NELLA TUA MENTE

Ci vuole tempo e determinazione per plasmare un maschio secondo i propri dettami. Bisogna trovare la preda giusta e renderlo sempre più succube.

Poi è fondamentale spingerlo verso la perfezione, quella di uno schiavo ovviamente.

Riesco a capire abbastanza in fretta l’esserino giusto da plasmare a mio piacimento. Mi ricordo di G. che sembrava proprio pronto per il training.

Lo incontrai quasi per caso sulla metropolitana.

Notava che fissava le mie lunghe gambe mentre io sorridevo.

Scese alla fermata di Loreto e lo seguì curiosa di vedere fino a che punto sarebbe arrivato.

Lo raggiunsi e lasciandolo di stucco gli rivolsi la parola.
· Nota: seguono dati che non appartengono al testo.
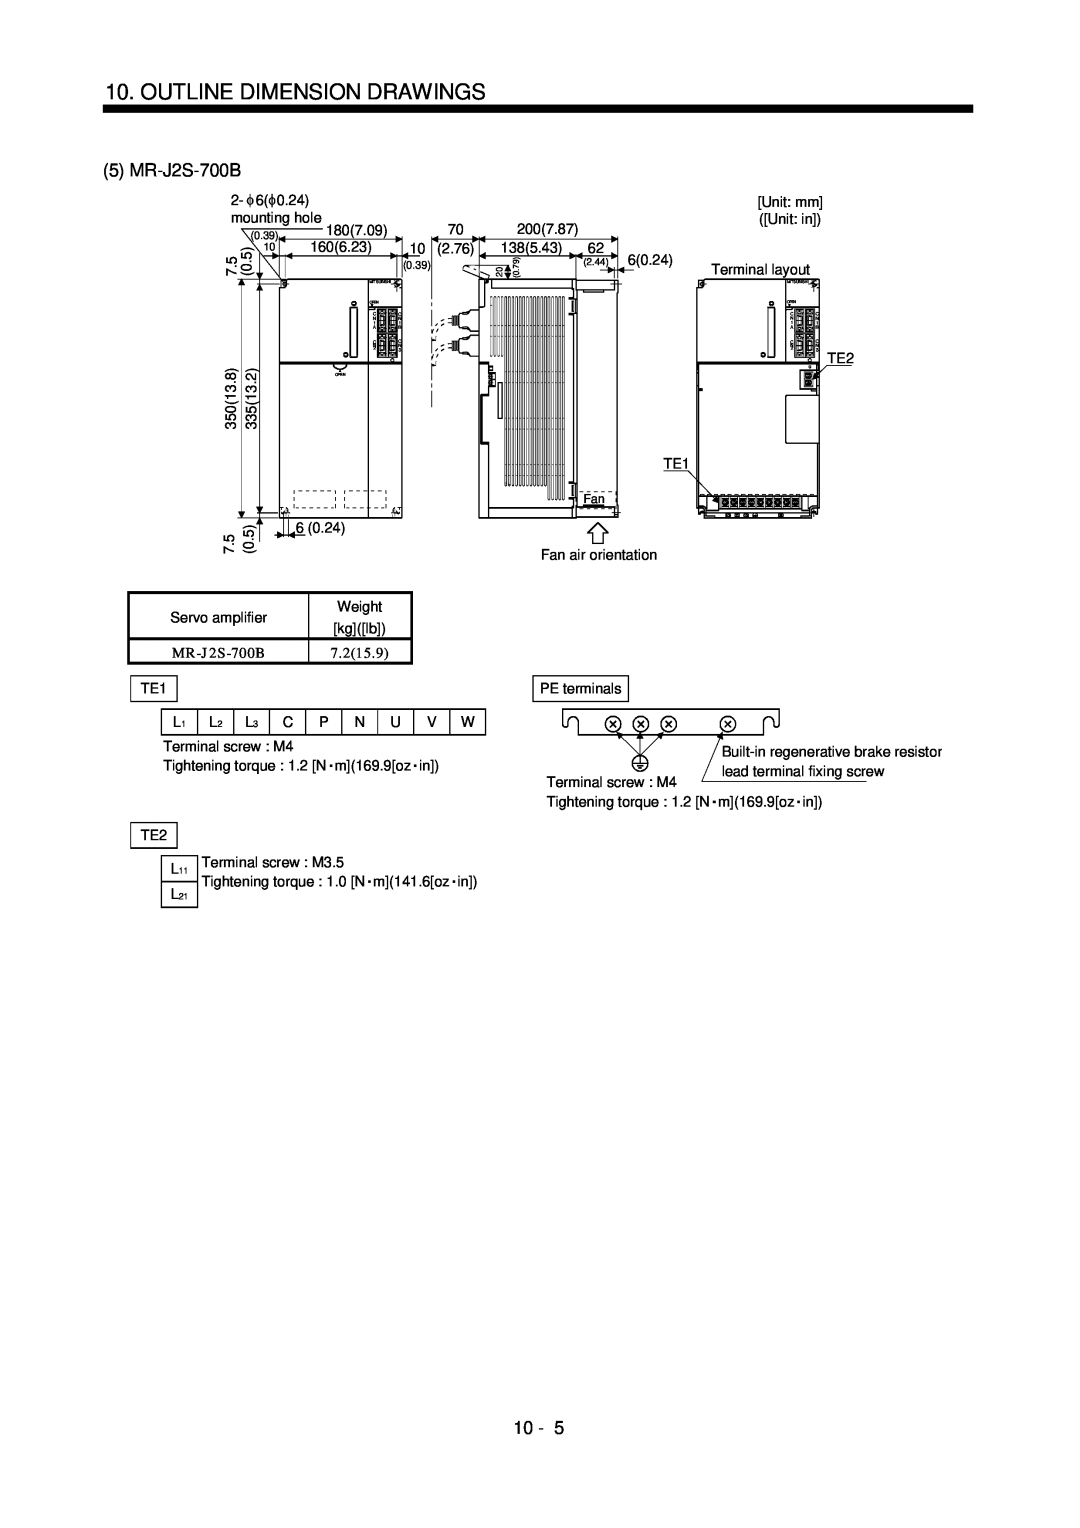 Bose MR-J2S- B instruction manual MR-J2S-700B, Outline Dimension Drawings, 10

“Ho notato che fissavi le mie gambe”, gli dissi mentre lui arrossiva come un peperone.

“No, no… mi scusi…”, balbettò imbambolato.
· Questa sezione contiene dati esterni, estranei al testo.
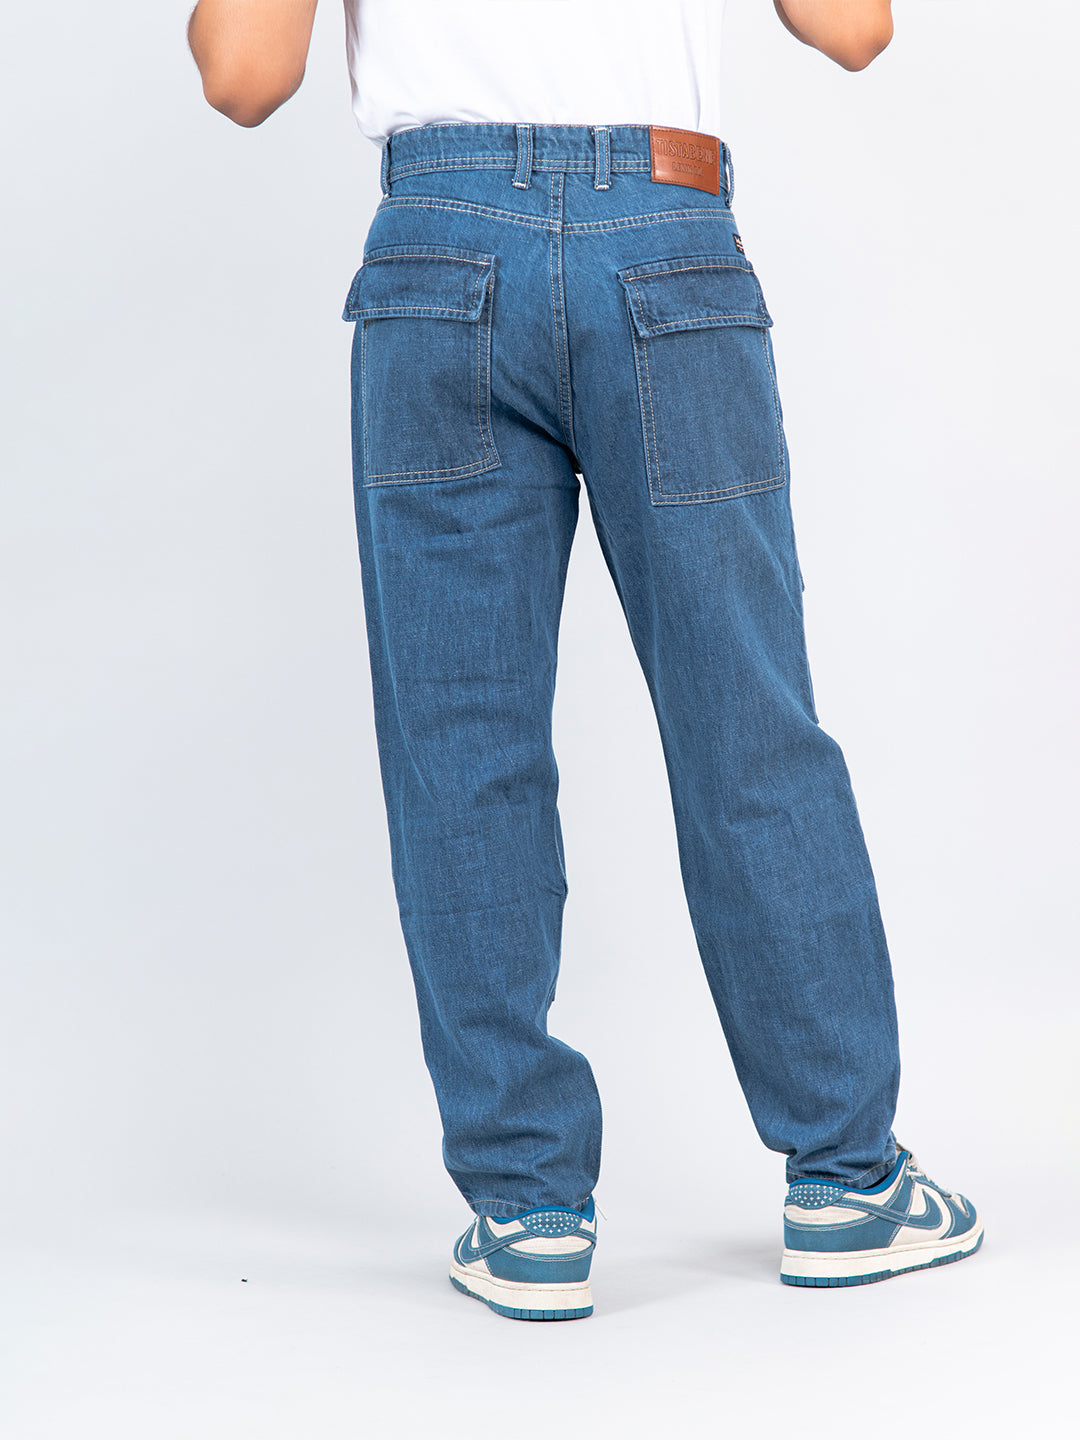 Washed Denim Cargo Pants Collection for Men | RADPRESENT

Mi misi a ridere e lo invitai a bersi un caffè.

“Ovviamente paghi tu”, gli dissi ironica.

“Certo Signorina”, mi rispose lui con un filo di voce.

Mi piaceva vederlo così inoffensivo mentre eravamo seduti ad un tavolo di un bar a sorseggiare un caffè.
Accavallavo le gambe per ipnotizzarlo ancora di più. Appena facevo finta di accorgermi che le fissava, lo guardavo dritto negli occhi e lui abbassava subito lo sguardo.

“Secondo me tu hai bisogno di essere educato”, gli dissi maliziosa.

“In che senso Signorina?”, mi chiese con quella voce sempre ansimante.

“Non va bene continuare a fissare le cosce di una donna”.

“Ha ragione e mi scusi”.

“Non è sufficiente…”.

“Che cosa posso fare Signorina?”, chiese sempre più goffo.

“Devi farti educare tesoro mio… da bravo bambino”.

Il mio viso si era fatto contiguo al suo e le mie parole gli suonavano sensuale e calde nelle orecchie.

Era come se non riuscisse a resistermi e si morsicava delicatamente le labbra che erano ormai seccate.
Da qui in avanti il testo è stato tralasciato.